Task statement: Repeat the data that follows in full. Do not include the pictures.

Data excerpt:
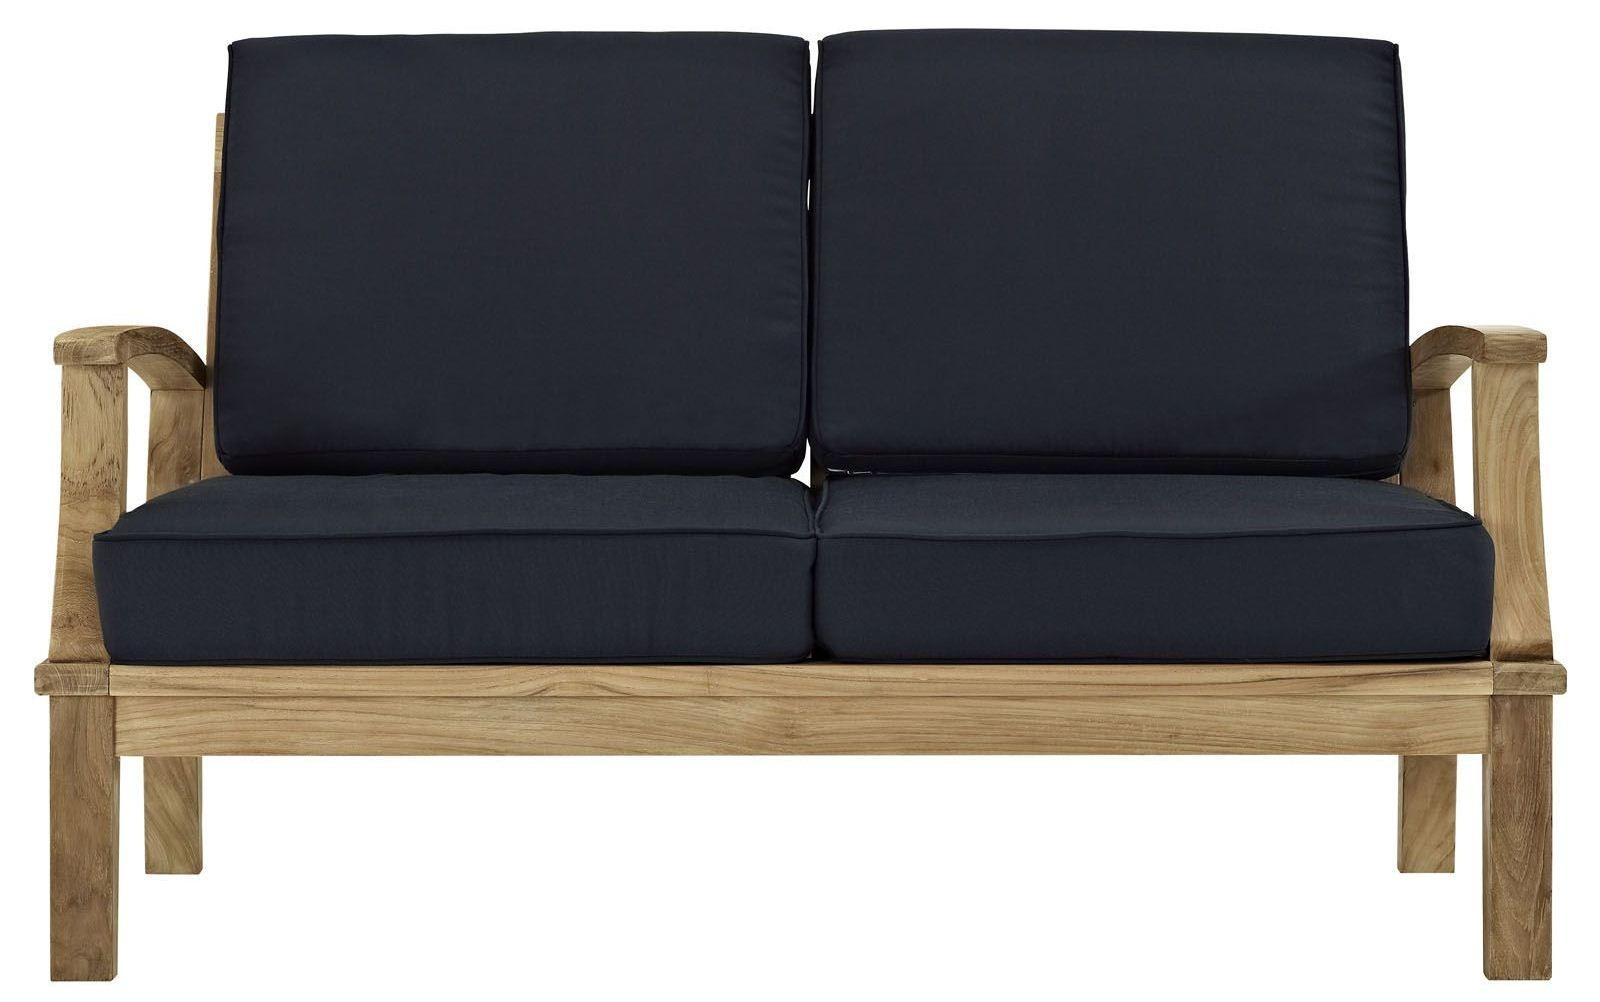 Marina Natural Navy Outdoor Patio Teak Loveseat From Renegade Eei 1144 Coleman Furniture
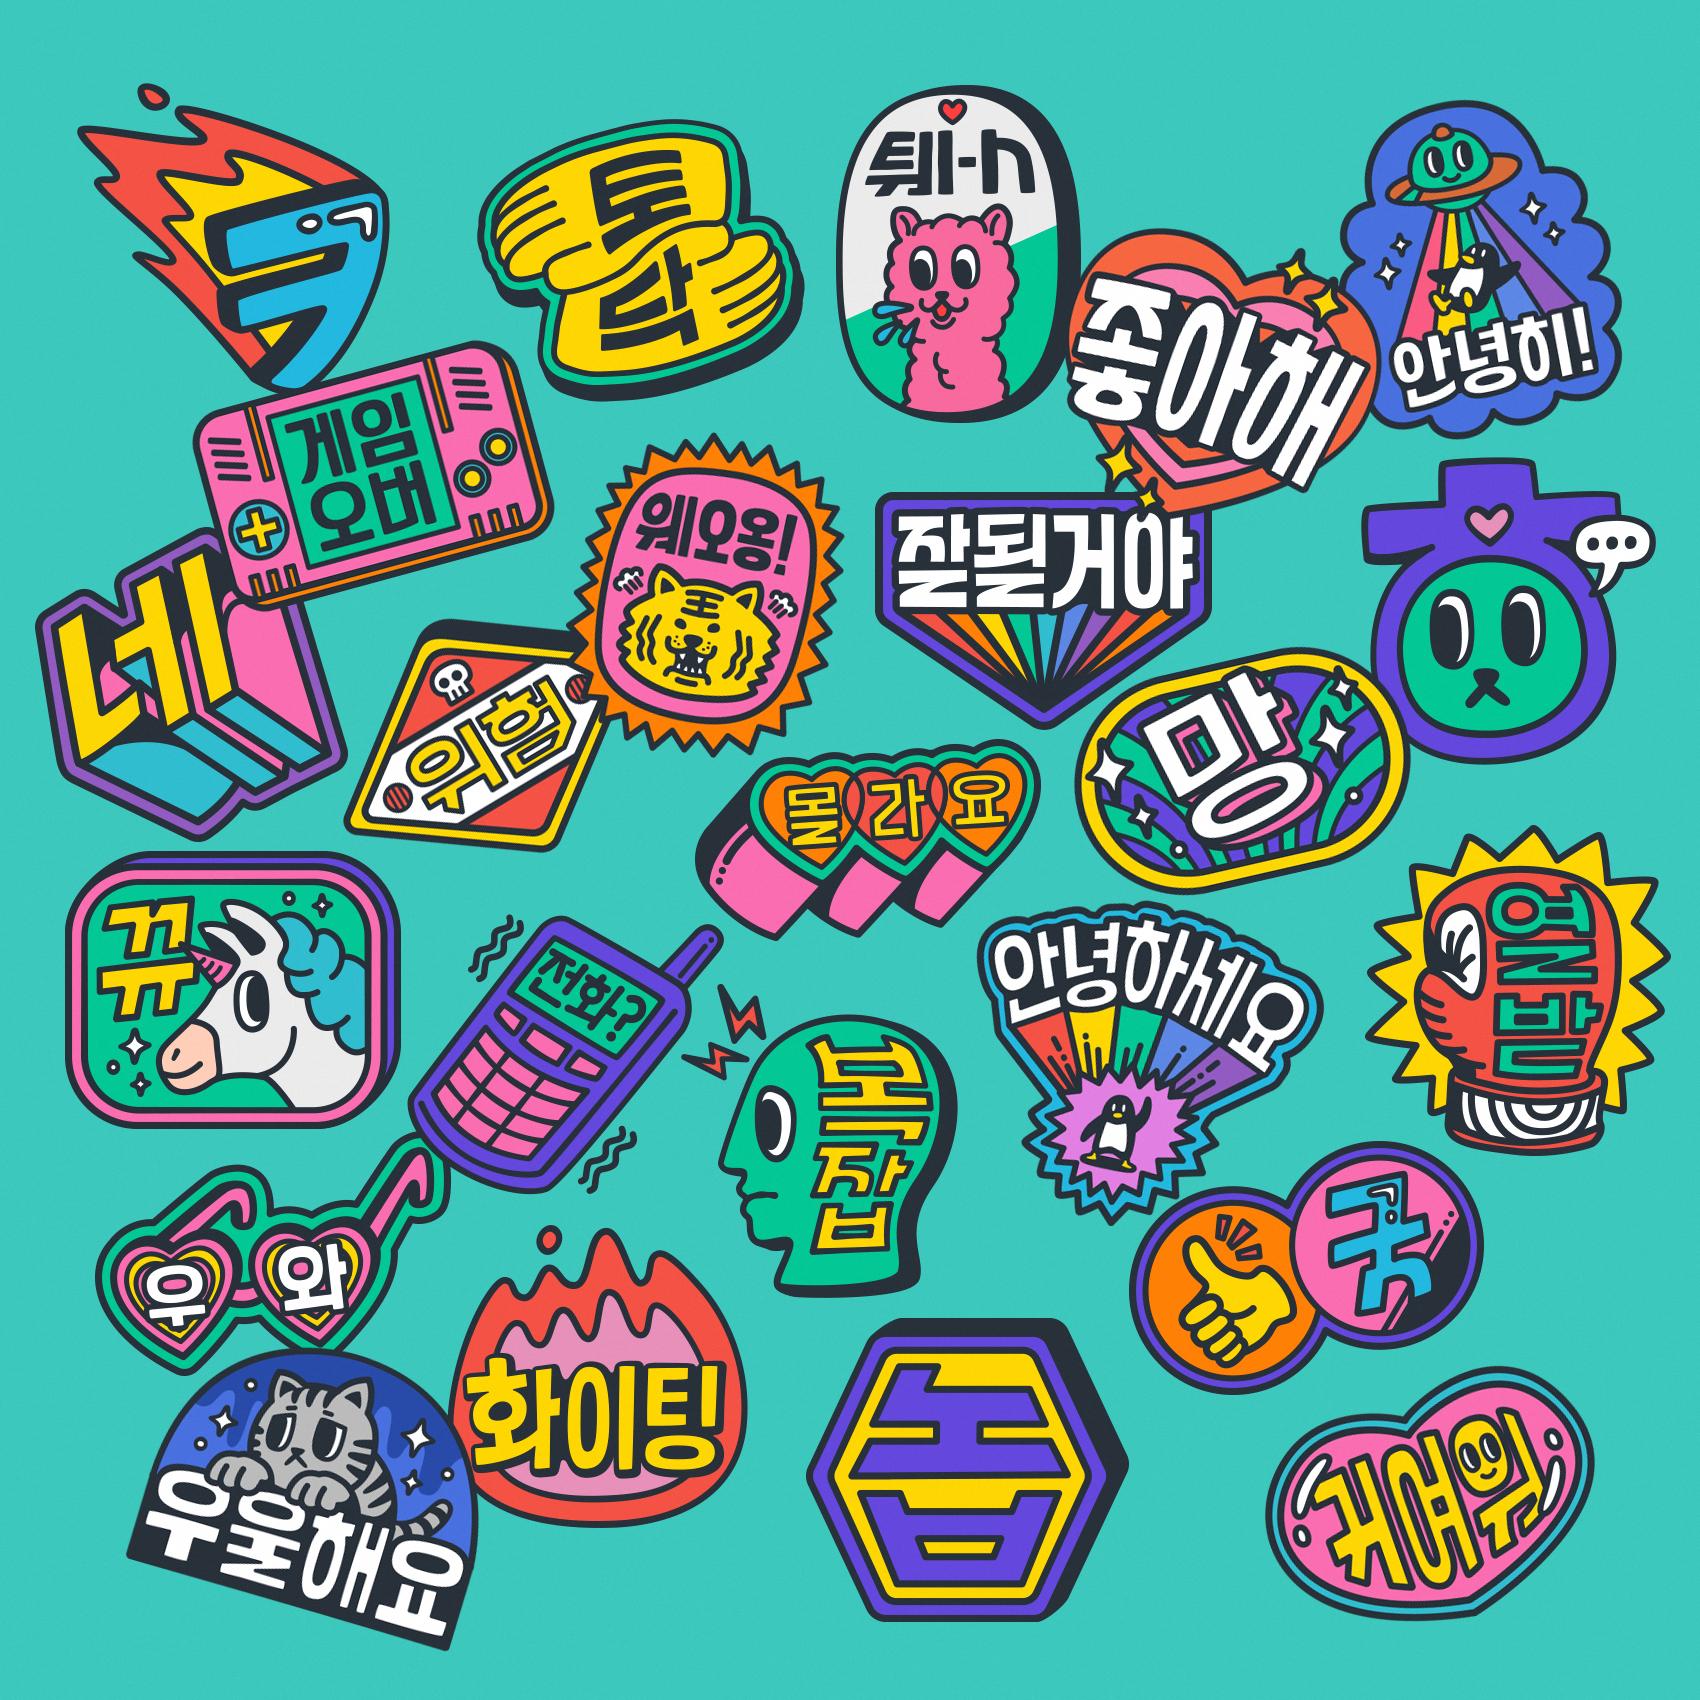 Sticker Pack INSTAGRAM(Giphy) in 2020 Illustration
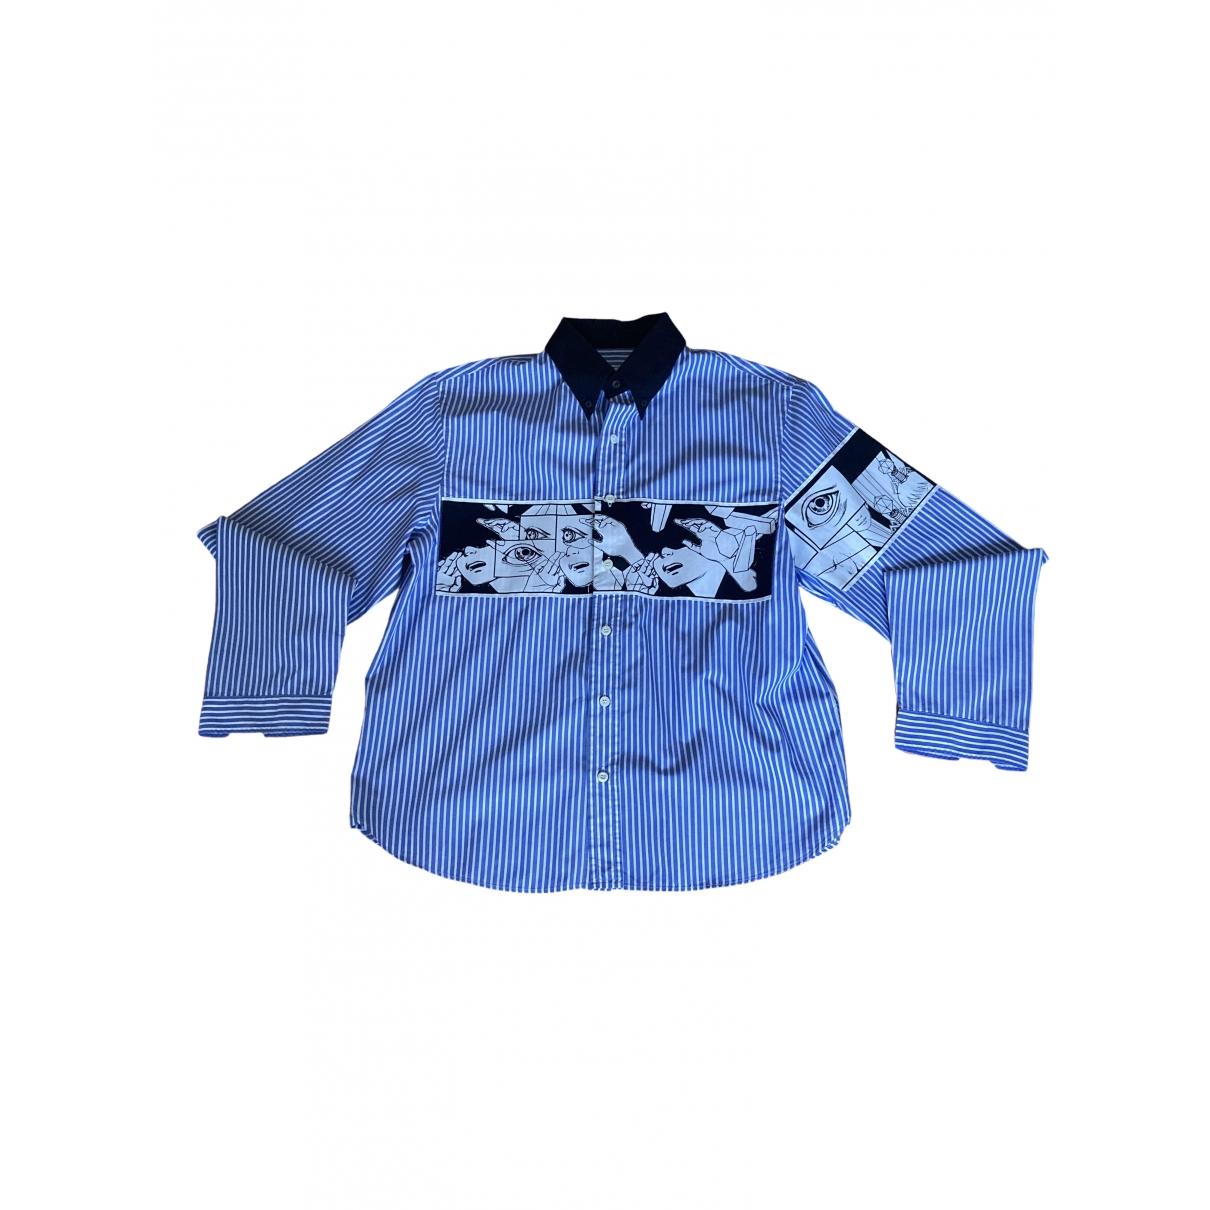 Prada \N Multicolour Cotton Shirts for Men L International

Answer space:
 Marina Natural Navy Outdoor Patio Teak Loveseat From Renegade Eei 1144 Coleman Furniture
 Sticker Pack INSTAGRAM(Giphy) in 2020 Illustration
 Prada \N Multicolour Cotton Shirts for Men L International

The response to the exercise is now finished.